**MATERIAL SHOWN:**
>>>

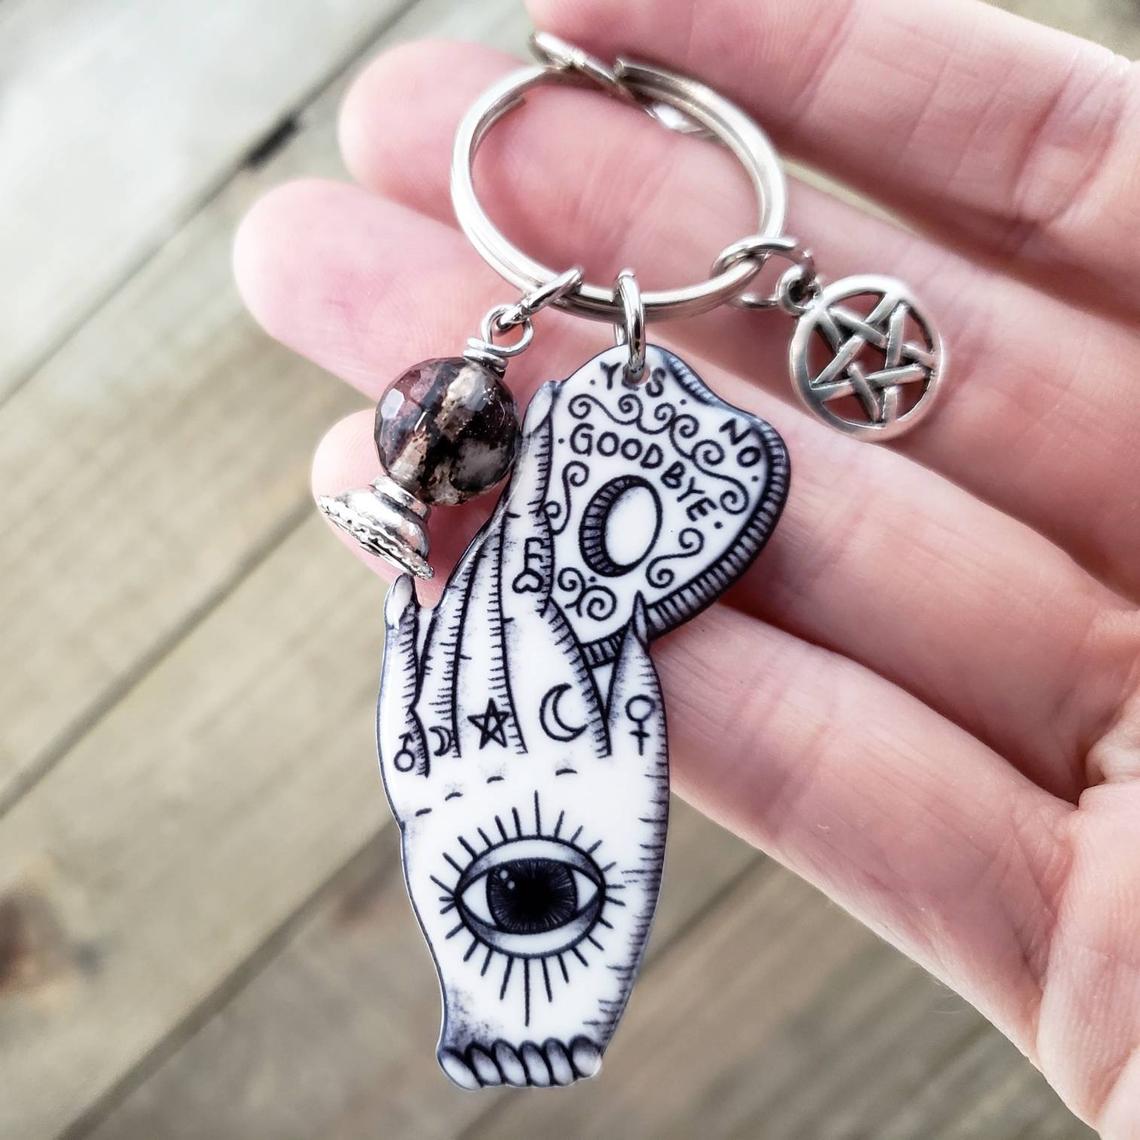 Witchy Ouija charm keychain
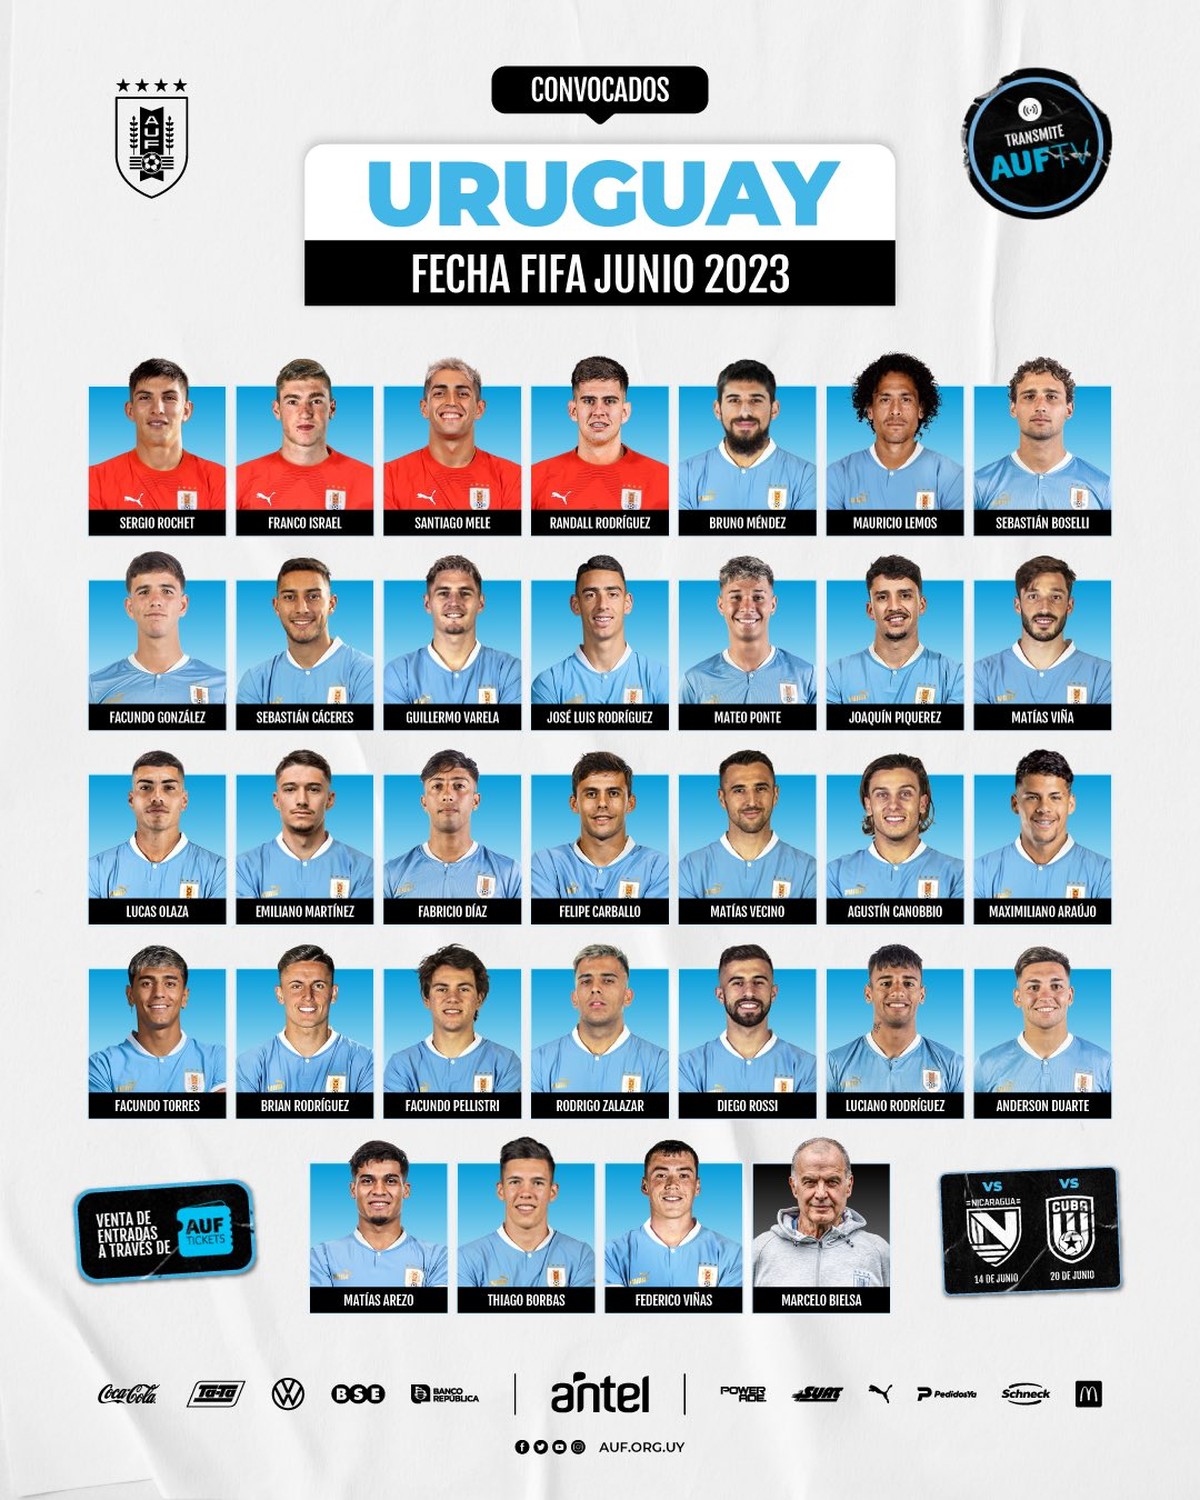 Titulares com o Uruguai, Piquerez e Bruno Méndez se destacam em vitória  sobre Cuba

<<<
>>>

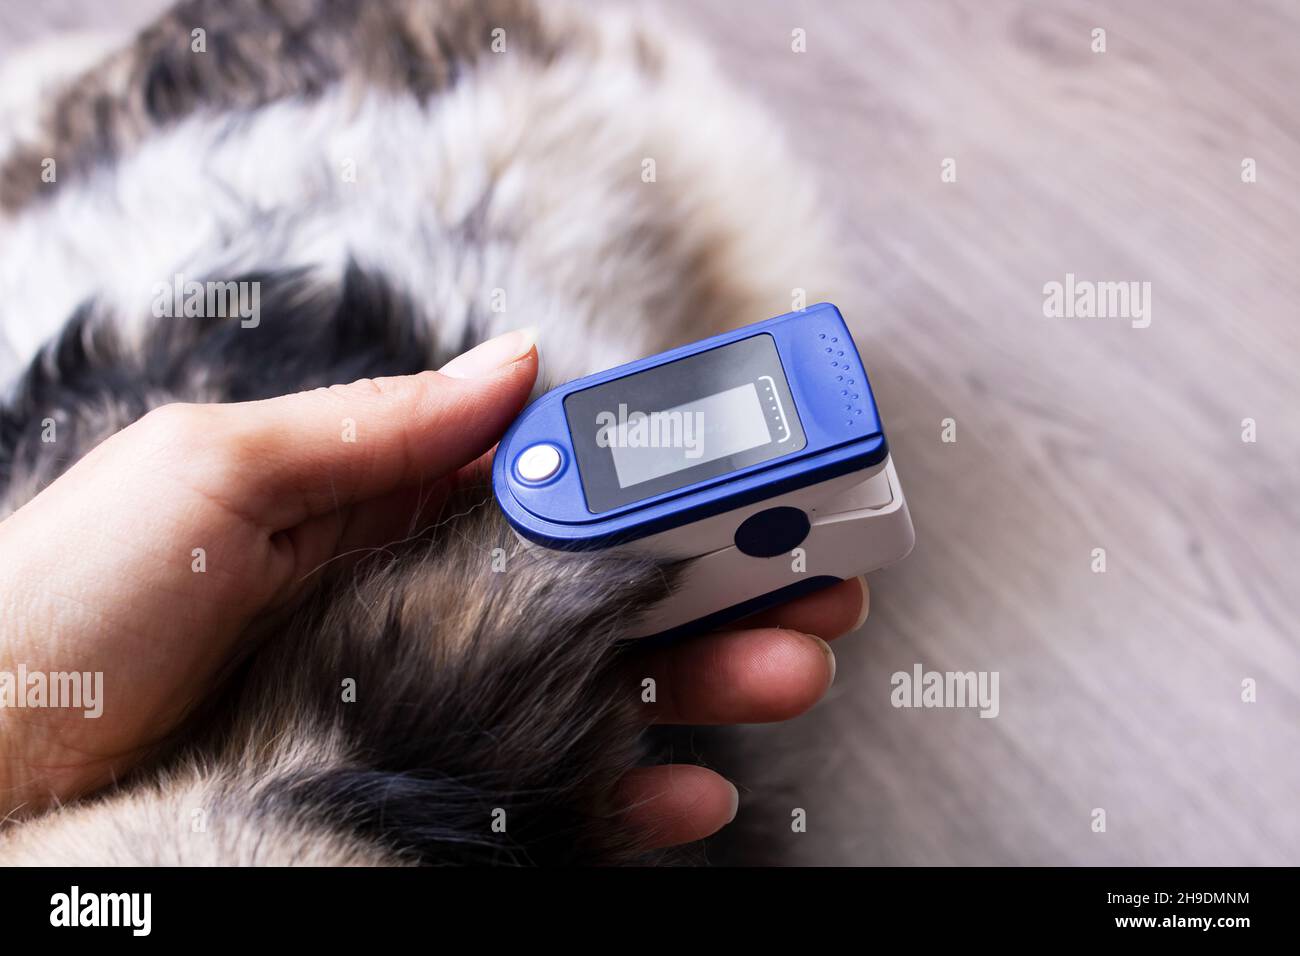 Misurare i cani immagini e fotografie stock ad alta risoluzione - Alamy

<<<

**THE TASK:** Repeat only the stretch of data above that runs from the line with "Witchy Ouija charm keychain" to the line with "Titulares com o". Keep both end lines; exclude pictures.

**THE ANSWER:**
 Witchy Ouija charm keychain
 Titulares com o Uruguai, Piquerez e Bruno Méndez se destacam em vitória  sobre Cuba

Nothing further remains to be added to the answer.